In the city, vehicle exhaust quickly transforms winter wonderland
into black yuck. NASA scientists James Hansen and Larissa
Nazarenko report that even in pristine areas of our planet soot
levels in snow reach 100 ppb, mostly from diesel engines. That's
enough to significantly reduce the albedo and accelerate melting
http://www.pnas.org/cgi/content/abstract/2237157100v1 .
Not surprisingly, the diesel engine industry disputes the study.
3. EPHEDRA: IF IT STARTS KILLING CELEBRITIES, IT'S GONE TOO FAR.
Sold for weight loss, body building and a cheap high, more than
100 deaths were attributed to the herbal supplement ephedra since
passage of the 1994 Dietary Supplement and Health Education Act,
which exempts suppliers of "natural" supplements from any need to
test for safety, purity or effectiveness. Sales reached $1.4B.

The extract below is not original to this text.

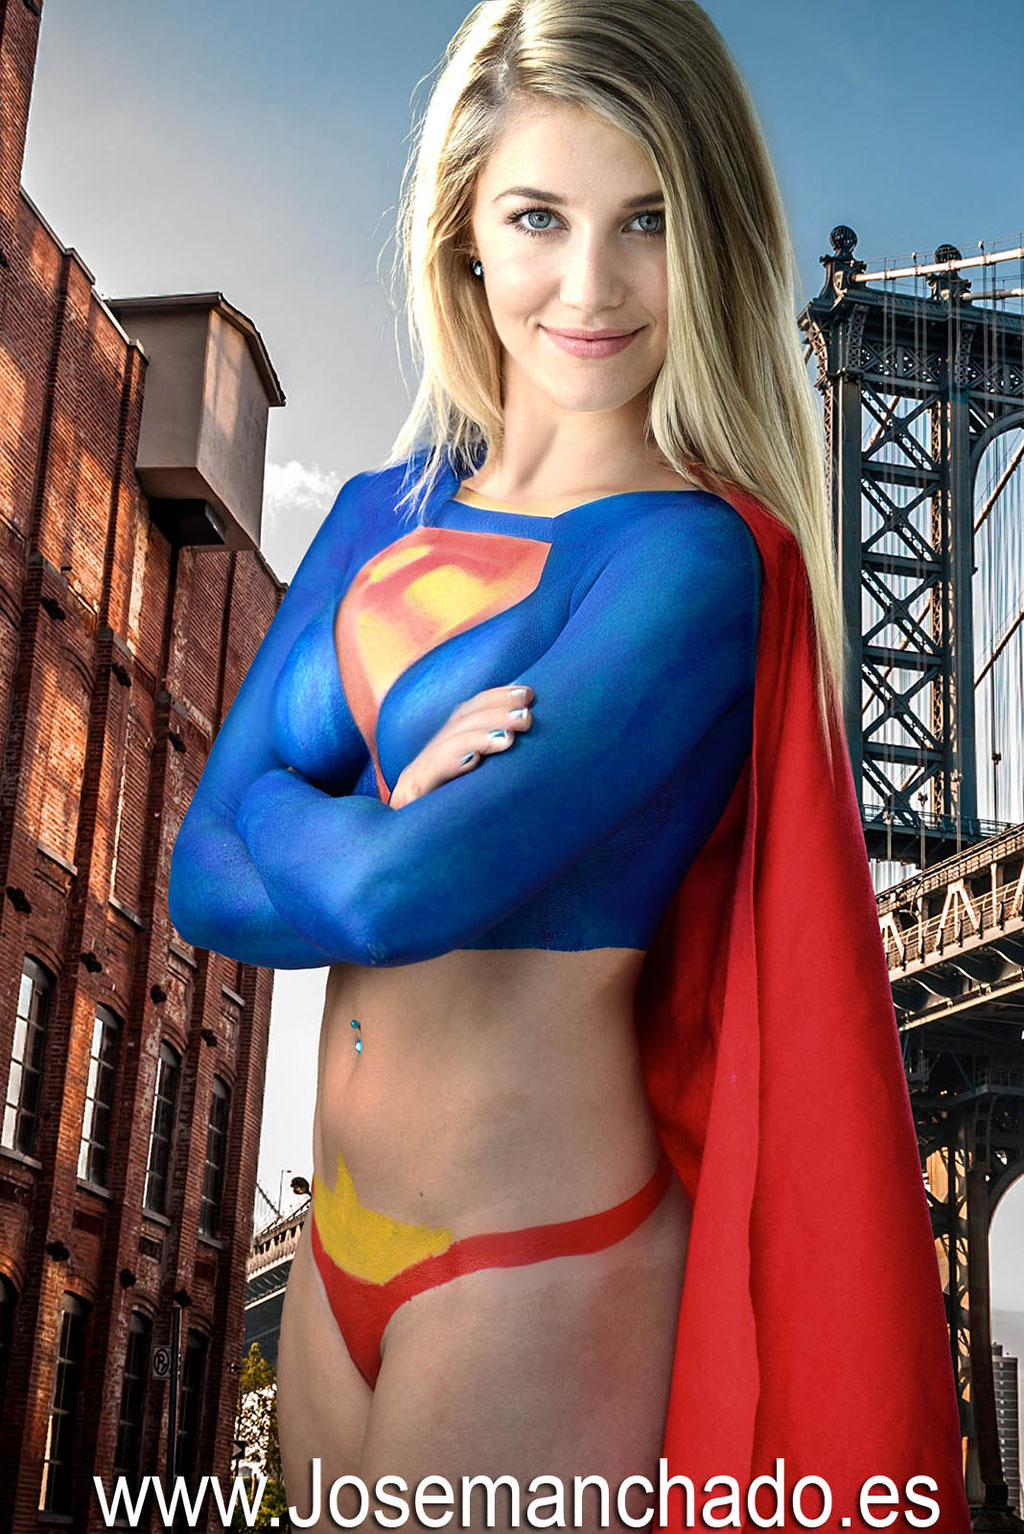 bodypaint supergirl, bodypaint superheroe, bodypaint madrid, book fotos bodypaint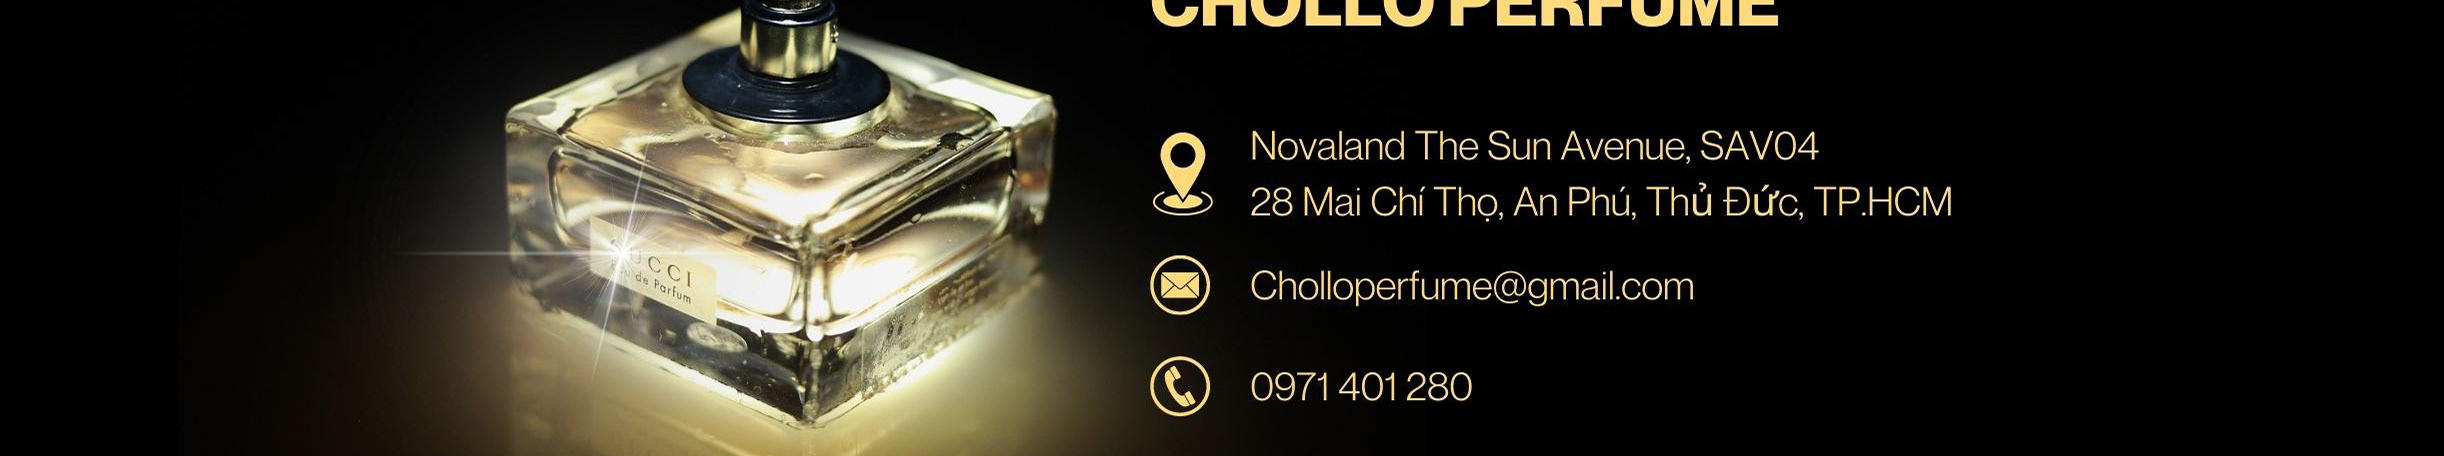 Chollo Perfume's profile banner

The supplement industry's friends in Congress control the FDA
budget. They made sure the FDA couldn't afford to test all the
supplement products. WN was almost alone in warning of ephedra
(WN 7 Sep 01) until a young major league pitcher became a victim
(WN 28 Feb 03). That made it front page news. This week,
ephedra became the only supplement banned by the FDA since 1994.
4. NATIONAL PARK SERVICE: "O LORD, HOW MANIFOLD ARE THY WORKS!"
This pious praise of the architect of the Grand Canyon is from
Psalm 104:24. Donald Murphy, Deputy Director of the Park Service,
ordered a bronze plaque inscribed with Psalm 104:24 mounted on
the South Rim viewing platform, along with two other plaques
bearing equally inappropriate Psalms. Visitors must also be
impressed with how quickly the Lord dug the canyon. A book
approved for sale in park bookstores and museums, "Grand Canyon:
A Different View," explains that the canyon can at most be a few
thousand years old, since that's how long it's been since Earth
was created. Meanwhile, in the Mojave National Preserve, the
Park Service is waging a court battle to continue displaying an
eight-foot-tall cross atop a prominent rock outcropping.